Il ricordo di Federico

Falco passa sopra casa: va verso Cortina. Quante volte l’ho visto e quante con il brutto tempo; però questa volta dico: “non invidio per niente l’equipaggio che sta andando incontro al temporale”.

La porta si apre con un impeto che sembra la stiano sfondando: è mio fratello e subito gli chiedo “c’è un soccorso?” e già mi sto alzando immaginando la risposta “sì”, solo non so cosa aspettarmi “un gruppo di scout? un fungaiolo? escursionisti su un sentiero? una macchina fuori strada in qualche buco?”…in un attimo arriva la risposta, l’unica cosa che non mi sarei mai aspettato, che mai avrei immaginato. Con la voce strozzata mi dice:
“È andato giù l’elicottero”
“Coooooooosa?” “Dove? Come? Chi?”
“Dario e Marco di sicuro, altri non so” continua “Ma guarda se Zago doveva andare a morire così l’ultimo turno!!!”
Il tempo di prendere l’imbragatura e il casco e metterli nello zaino. Ed in casa è silenzio.

I muscoli delle gambe tremano: altre morti amiche mi hanno fatto sentire questa sensazione, ma mai così profondamente devastante. Mi siedo al tavolo della sala e guardo fuori dalla finestra, da quella finestra da cui un’ora prima ho visto passare Falco. E tiro il fiato, a fondo. Mi rimbombano in testa quelle parole “è andato giù l’elicottero”, mi balena per la testa il titolo del film “black hawk down”; “Falco down” e una nuova ondata di gelo scende in me.

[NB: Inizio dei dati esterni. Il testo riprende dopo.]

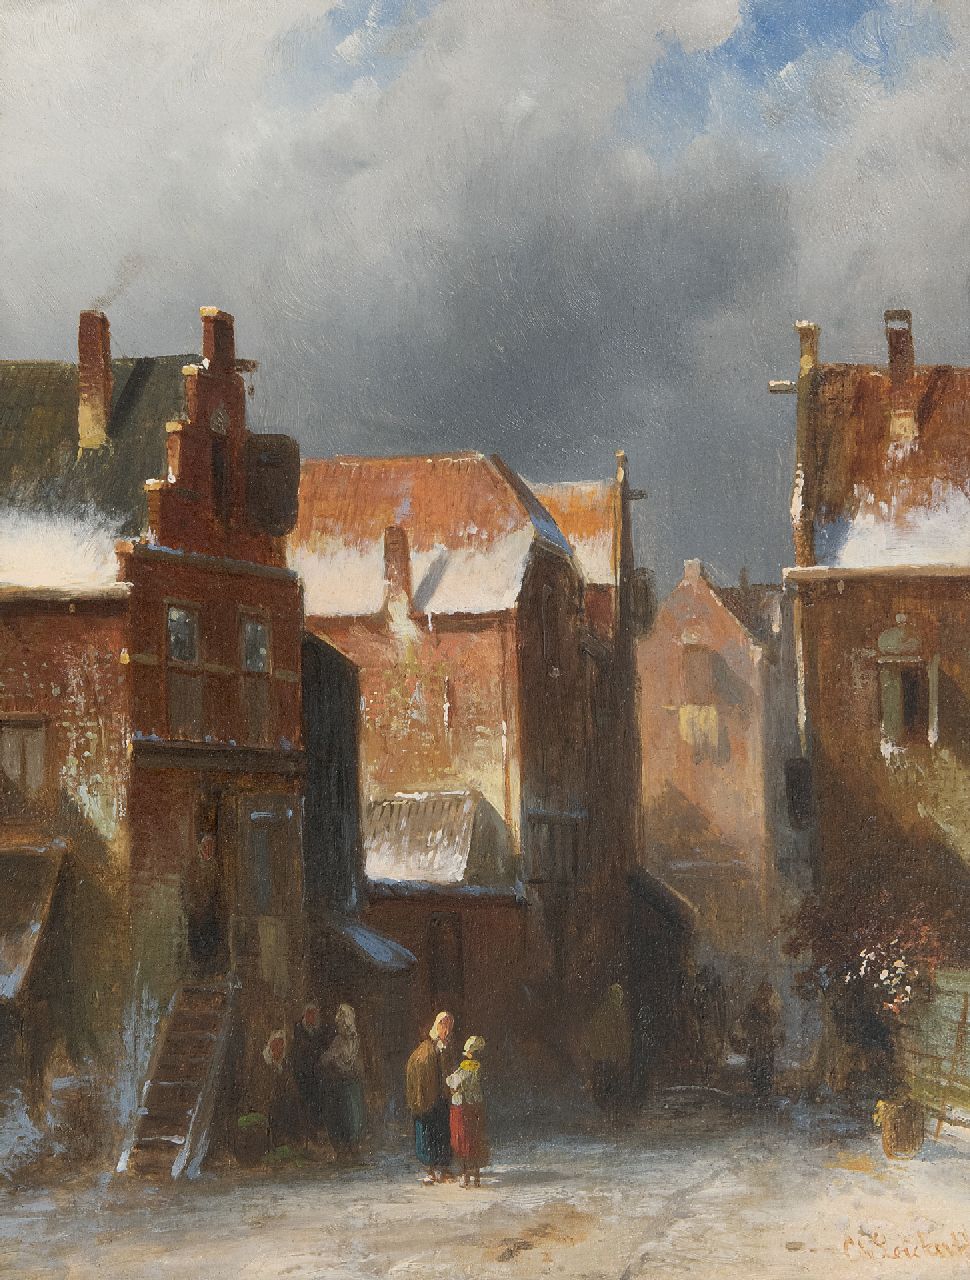 Leickert C.H.J.  | 'Charles' Henri Joseph Leickert | Paintings offered for sale | Figures in a snow-covered town, oil on panel 27.2 x 21.6 cm, signed l.r.

Cammino nel bosco, prendo la pioggia, la prendo volentieri sperando lavi via questo incubo, questa realtà che sta avvolgendo tutto così malignamente. Ricevo telefonate “tutto bene voi? tuo fratello?”; mio fratello è andata dentro a Cortina, mi sembra ovvio: mi ci è voluto un po’ per realizzare che anche lui è un tecnico di elisoccorso.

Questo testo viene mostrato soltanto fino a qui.